キャラクターを扱っていると、何となく作品の性格がわかるようになる。たとえば「ONE PIECE」や「NARUTO」は、玩具よりもゲームの方がよく売れる。ゲームのこの部分にツボがあり、うまく触ればユーザーに響くとわかってくる。

ちょっと高飛車な言い方だが、当社にライセンスやキャラクターを預けていただけると、その子の長所も短所もつぶさに分かるし、短所の伸ばし方を提案できる。海外展開まで意識した育成プランをライセンサーと一緒に考えられるというのが、最近の当社の特徴になっている。

長年、ガンダムの人気を支えてきたガンプラ。

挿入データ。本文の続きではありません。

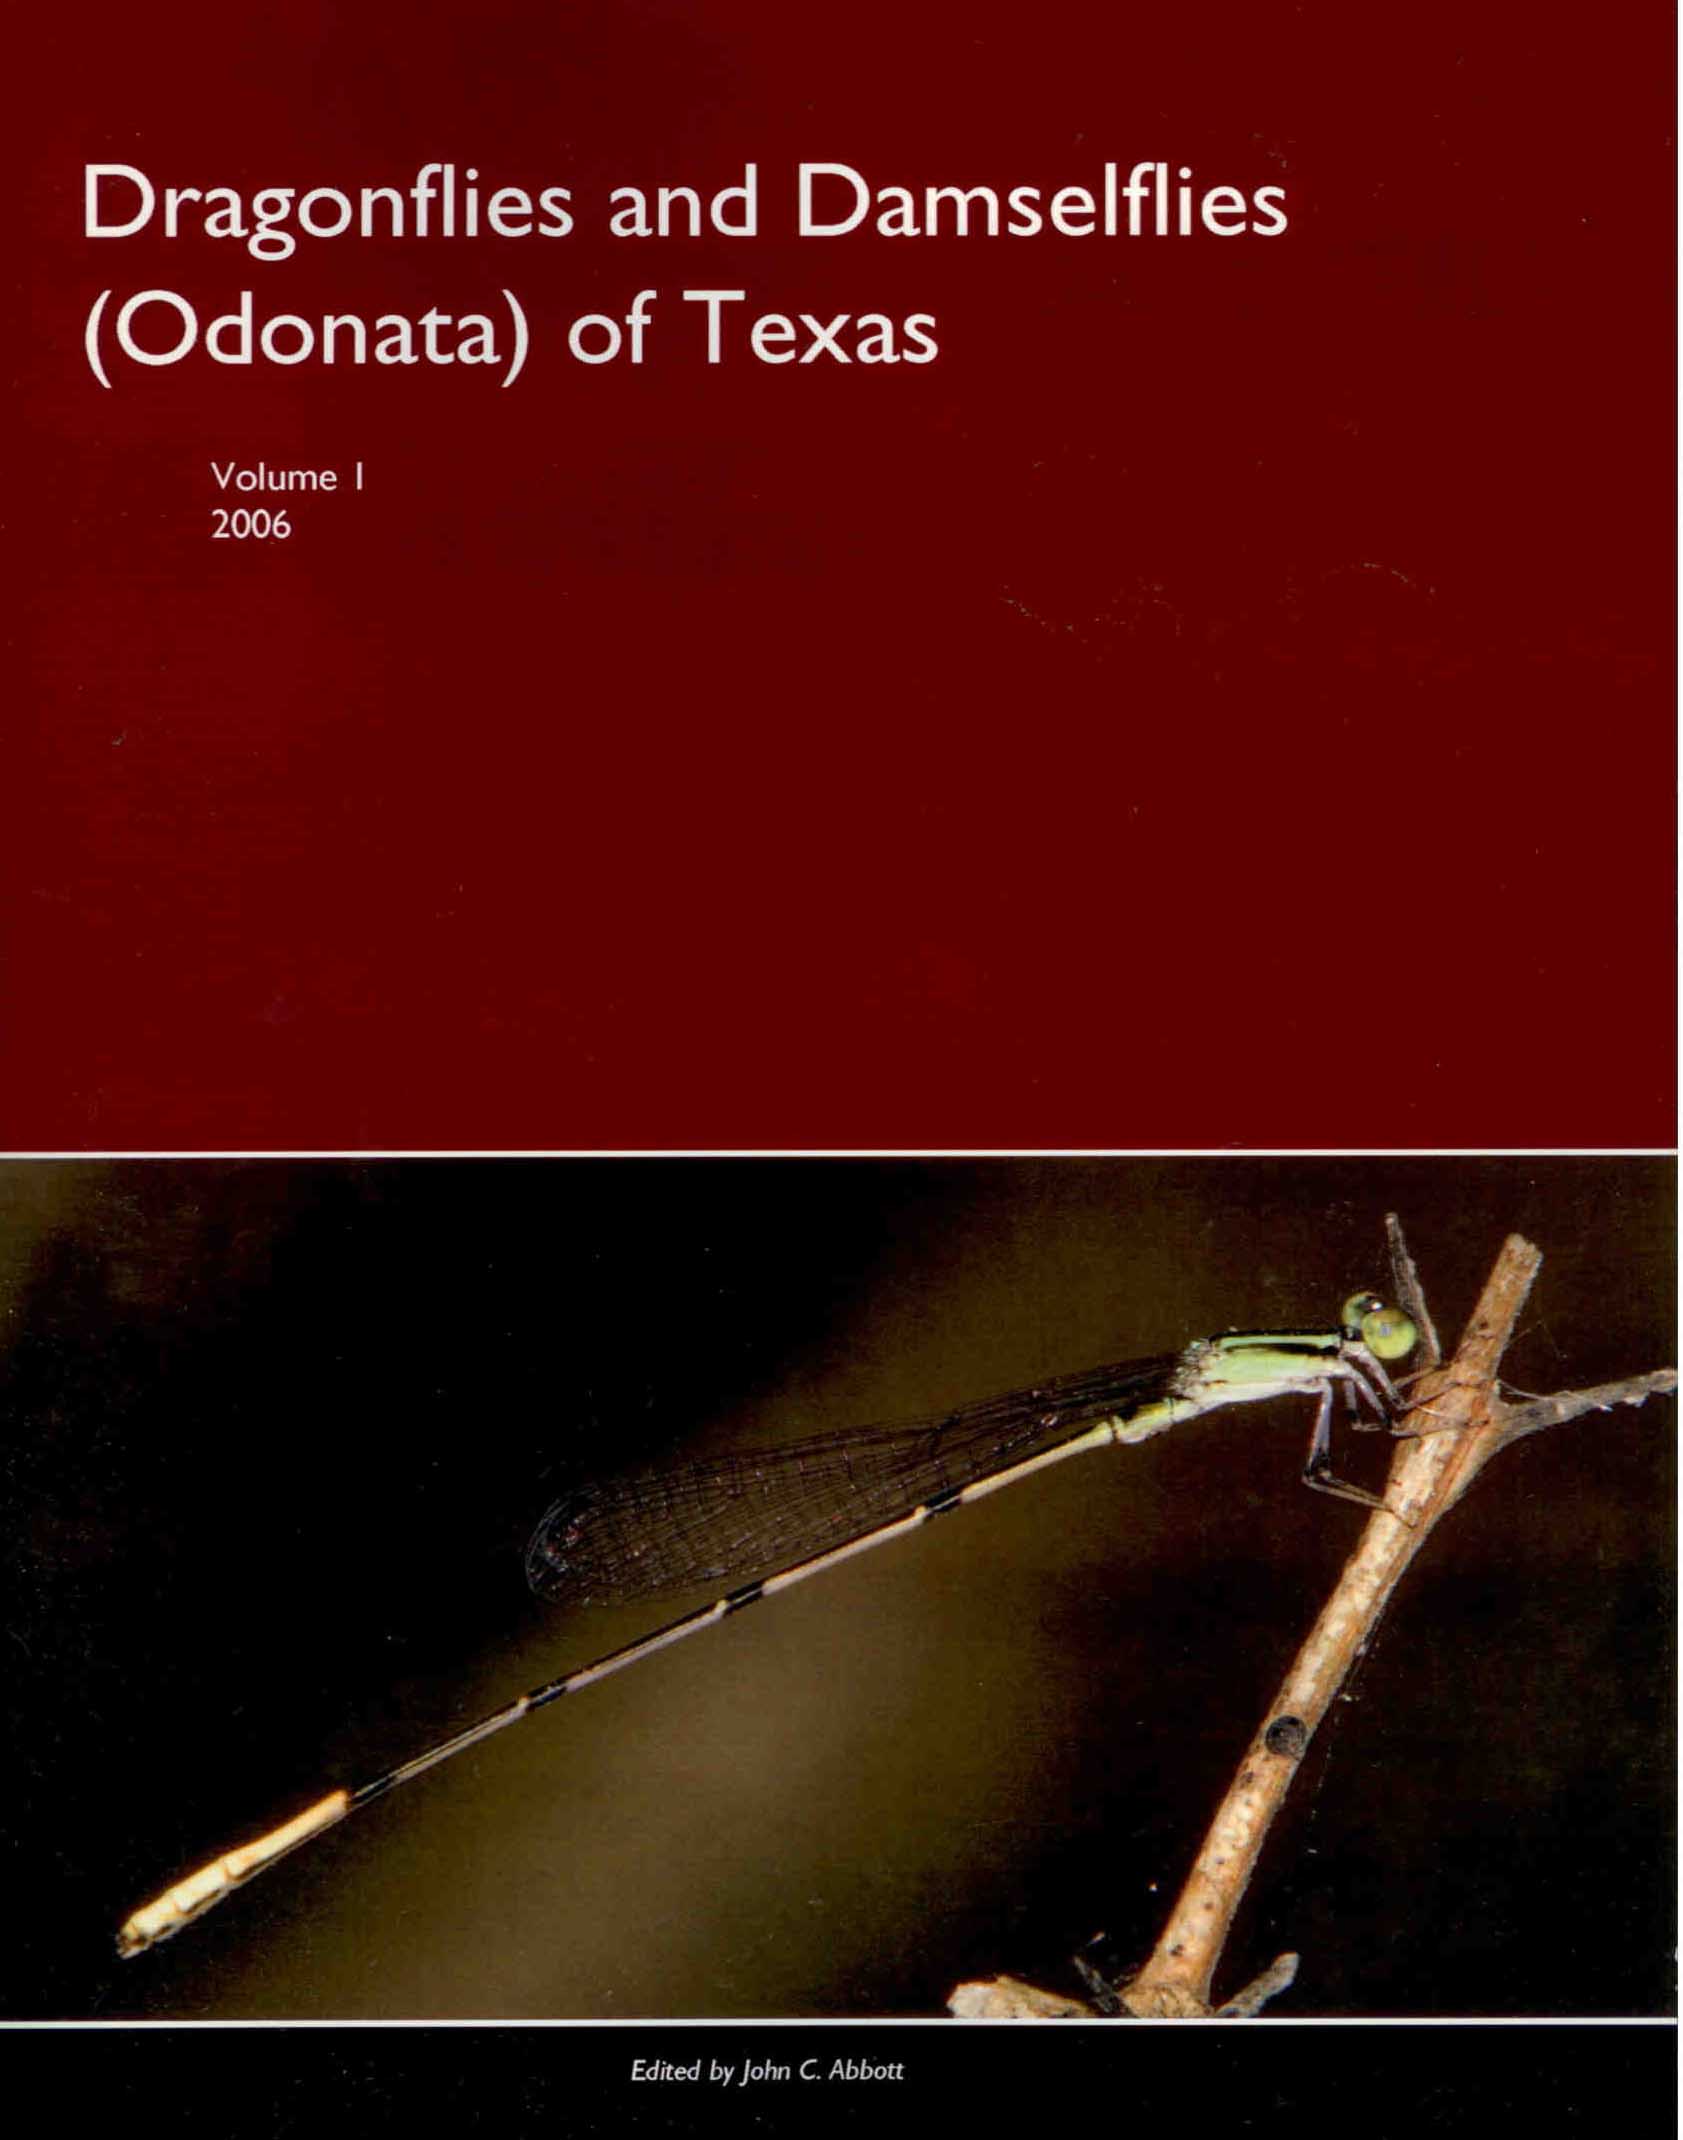 Abbott, J.C. - Dragonflies and Damselflies (Odonata) of Texas. Vol. 1

田口社長は定番作品ほど、工夫を凝らせばユーザーは再び戻ってくると語る。
©創通・サンライズ

──2015年度は「妖怪ウォッチ」ブームの反動もあり、減収減益となった。浮き沈みの激しい業態を経営する難しさとは。

こんなことを言ったら株主に怒られるかもしれないが、ビジネスの価値はお客様が決めるからコントロールが難しい。大ブレーク自体は好ましいことだが、ブームには必ず沈静化する時期が来る。

妖怪ウォッチは、今また盛り上がっているから安定化という表現がふさわしい。実は妖怪ウォッチがヒットしたことで、スーパー戦隊や仮面ライダー、プリキュアとカニバリが起きてしまっていた。

妖怪ウォッチは近年まれに見る超ヒット

これはいいことだと思っている。キャラクターの担当者は差別化の要素を必死で考えるようになる。そこにイノベーションが起きると、一段と面白くなる。だから「これ(ほかの作品のヒットなど)がなかったら、うちの子はもっと元気だった」という言い訳は健全じゃない。お客様である子ども達にとって、おカネを使う優先順位が高かったのが妖怪ウォッチだった。この事実を甘んじて受け止める必要がある。

それでも、他のキャラクターの開発をがんばってイノベーションが起きれば、自然と手を伸ばしてくれるようになる。定番キャラクターほどファンの地盤があり、既存ユーザーは良さがわかっているから戻ってくる。2月からは仮面ライダーの人気が復活している。

株主からは業績の波を「うまくコントロールしろ」と言われてしまうが、営業利益500億円をボトムラインに高い水準を維持することが目標だ。簡単にポスト妖怪ウォッチみたいなものは出てこない。